The Hon. T.A. FRANKS ( 16:10 :40 ): I move:

That this bill be now read a second time.

This is the second time that I have introduced this bill. It is a bill that seeks to remove the partial defence of provocation and the homosexual advance test, colloquially known as the gay panic defence. As we have heard in this place, it has been applied in contemporary South Australian law. The bill seeks to assign this mediaeval murder defence to the dustbin of history, where it belongs. I would note that it is now 40 years since South Australia decriminalised homosexual acts. We used to lead in these areas of law reform and we currently lag behind every other state and territory on this particular issue and on many issues where homophobia, sexuality and gender identity apply.

I trust that later this year the government's announced review of equality in areas of sexuality, gender identity and gender will see us once again lead; however, we cannot wait in some areas for the results of that review and we must continue to work where we can to ensure equality and fairness for all South Australians.

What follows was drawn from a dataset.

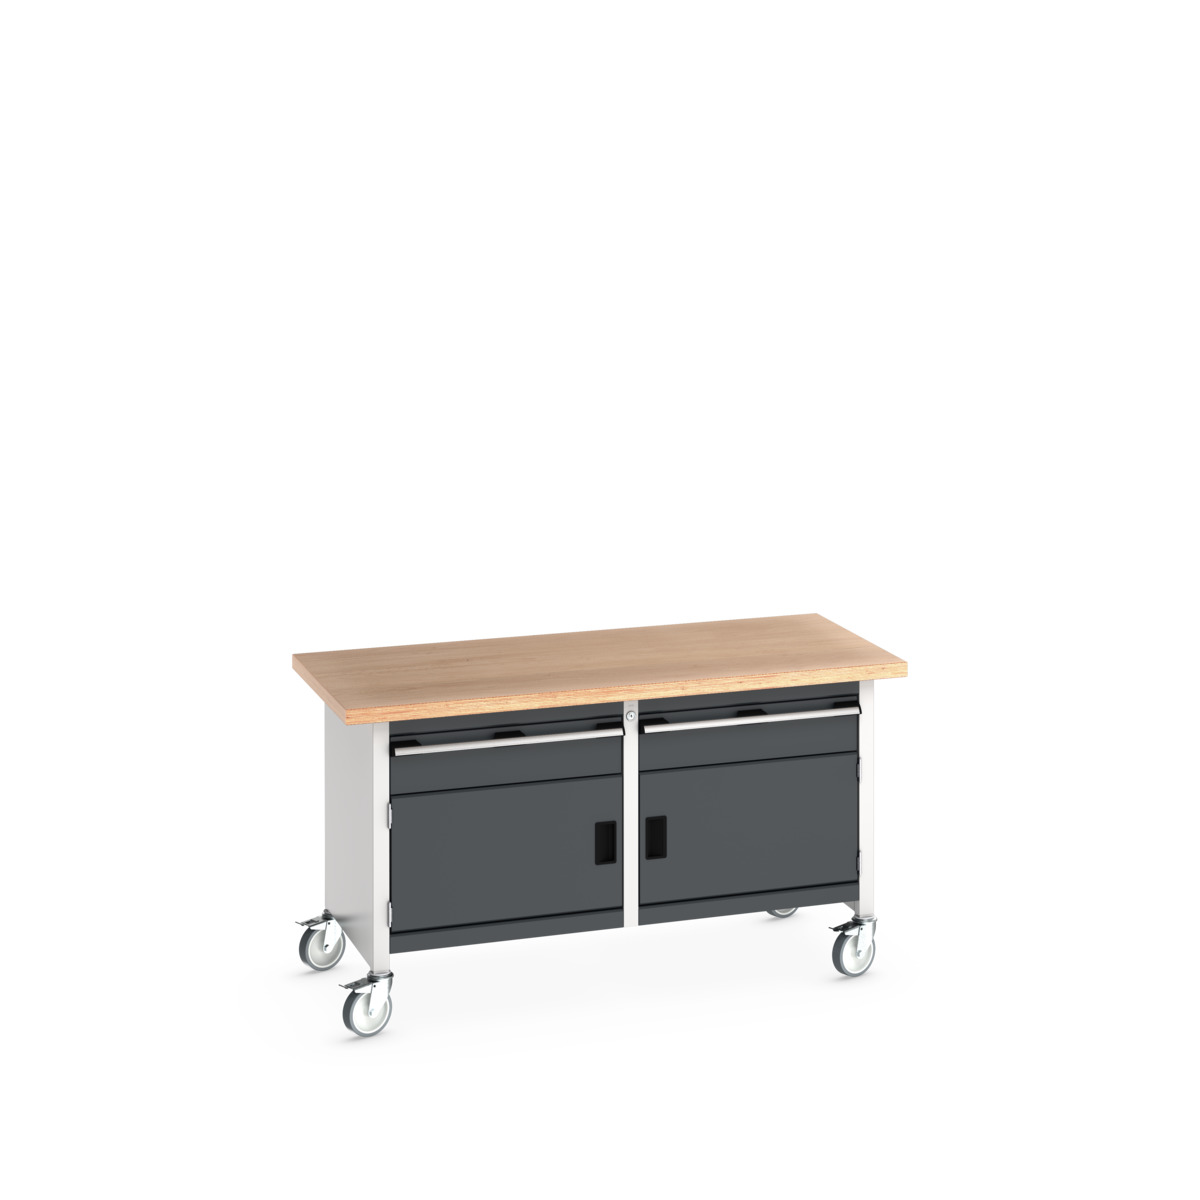 41002103. - cubio mobile storage bench (mpx)

This provocation defence applies only where a homosexual man makes a nonviolent sexual advance towards another man and that man murders them. It can be used as a partial defence to downgrade that to manslaughter. It is a defence which sits in the relics of our history, a history that is homophobic and where homophobia was acceptable to the community. However, in this day and age commonly most South Australians would not accept such a presupposition that a nonviolent homosexual advance was something that could be seen as provoking such a violent reaction.

I note that the Legislative Review Committee inquiry will be undertaking its work in coming weeks and months, but I certainly hope not too many months. I draw members' attention to Lindsay v The Queen, a High Court of Australia case allowing an appeal that has quashed the appellant's conviction for murder and ordered a retrial in that case. That means that this issue is very much a pressing one for the South Australian parliament.

I think we, as parliamentarians, should be showing leadership and ensuring that, where there are questions (whether the common law is settled or not and certainly I did not believe that common law could be settled in such a way and the High Court of Australia has certainly given a decision that indicates that the common law is in no way settled in this area), as legislators we can settle matters. I think it is our duty to put our mind to this particular issue and address the gay panic defence, and I would urge members to dump the gay panic defence and I certainly support the words of the Hon. John Darley in his minority report to the Legislative Review Committee's inquiry into my previous bill.

I note that many of the submissions also argued that perhaps we needed to look at all of the provocation defences, and I am certainly not averse to that. Again, perhaps that could be part of the deliberations of the equality review, slated for later this year, and I am certainly intending to put a submission to that review arguing that case, and I am not averse to having those debates. I do think there are better remedies in this day and age than some of these old relics of our past, which I think need to be left behind as we embrace a future of equality. With those few words, I look forward to the report of the Legislative Review Committee, but note that this bill is now tabled in our council, and certainly I hope that that would be an imperative for swift action on this issue.

Debate adjourned on motion of Hon. J.S.L. Dawkins.